But these three sources give us over 20 estimates that range from 12.75 million to 49 million war dead in the USSR without any explanation of how they were derived. How do we choose the correct source?--Berndd11222 20:15, 16 December 2005 (UTC)[reply]

The USSR figures are for the USSR in 1939 borders because the Baltic States, Poland and Rumania are picking up the losses in the territories annexed by the USSR in 1940-41. The Russian Academy of Science published a series of papers in 1995 on war losses that clearly points out that Soviet losses will vary depending on the assumptions one makes on the size of the population base. See Rossiiskaia Akademiia nauk. Liudskie poteri SSSR v period vtoroi mirovoi voiny:sbornik statei. Sankt-Peterburg 1995 ISBN 5-86789-023-6. If you increase Soviet losses to 28 million you must reduce the losses in the annexexed territories by 3.4 million otherwise you will be duplicating losses on the table. Also that figure of 28 million includes about 2 million deaths due to Soviet terror which should not be included with WW2 casualties.--Berndd11222 20:02, 16 December 2005 (UTC)[reply]

Once again, my point is not about the figures themselves. It's the fact that you or someone else continues to delete everybody else's information. You waive off all other sources that are just as, if not more, credible than Dower.

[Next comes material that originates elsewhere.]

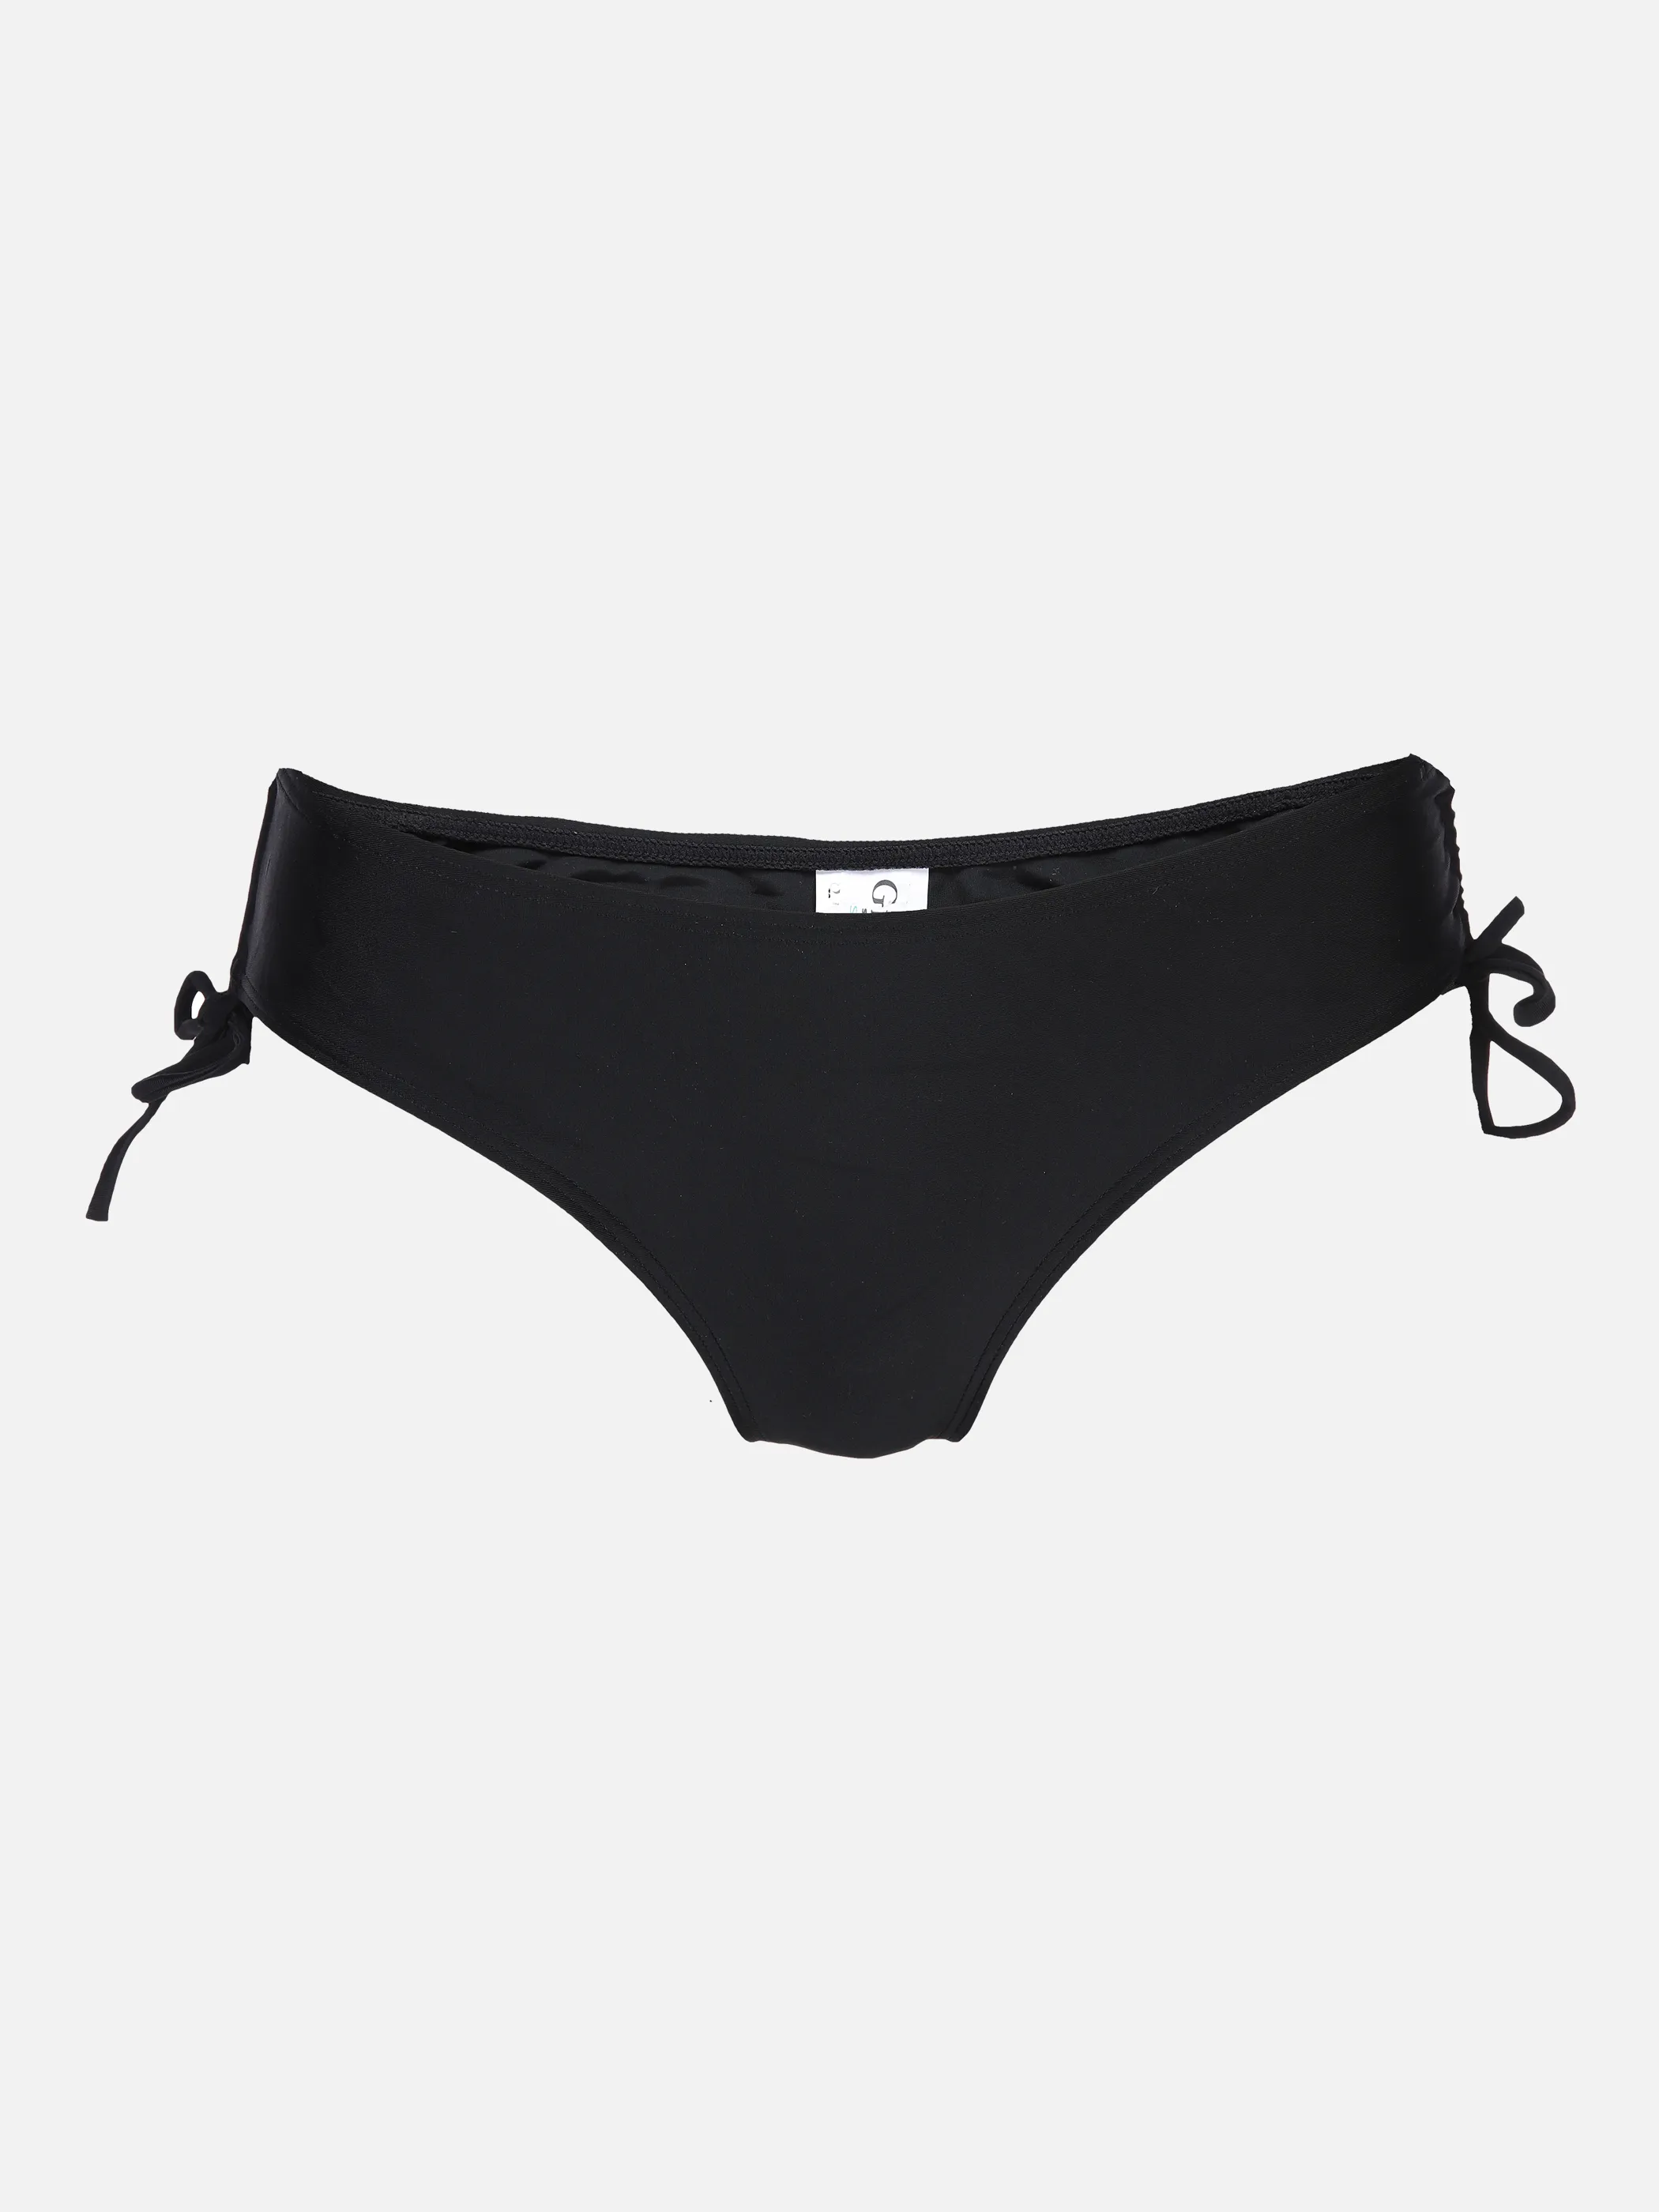 Grinario Sports Da-Bikini Hose uni Schwarz 877044 BLACK 1

Matthew White's website compiles dozens of reliable WWII casualty sources and averages them. This is how this page should be done. That site doesn't single out any one source like this page does. How can Wikipedia survive if everybody just singled out one source? Dower doesn't deserve to be singled out any more than Rummel or Hammond or any other well known reliable source.--Secret Agent Man 06:56, 26 December 2005 (UTC)[reply]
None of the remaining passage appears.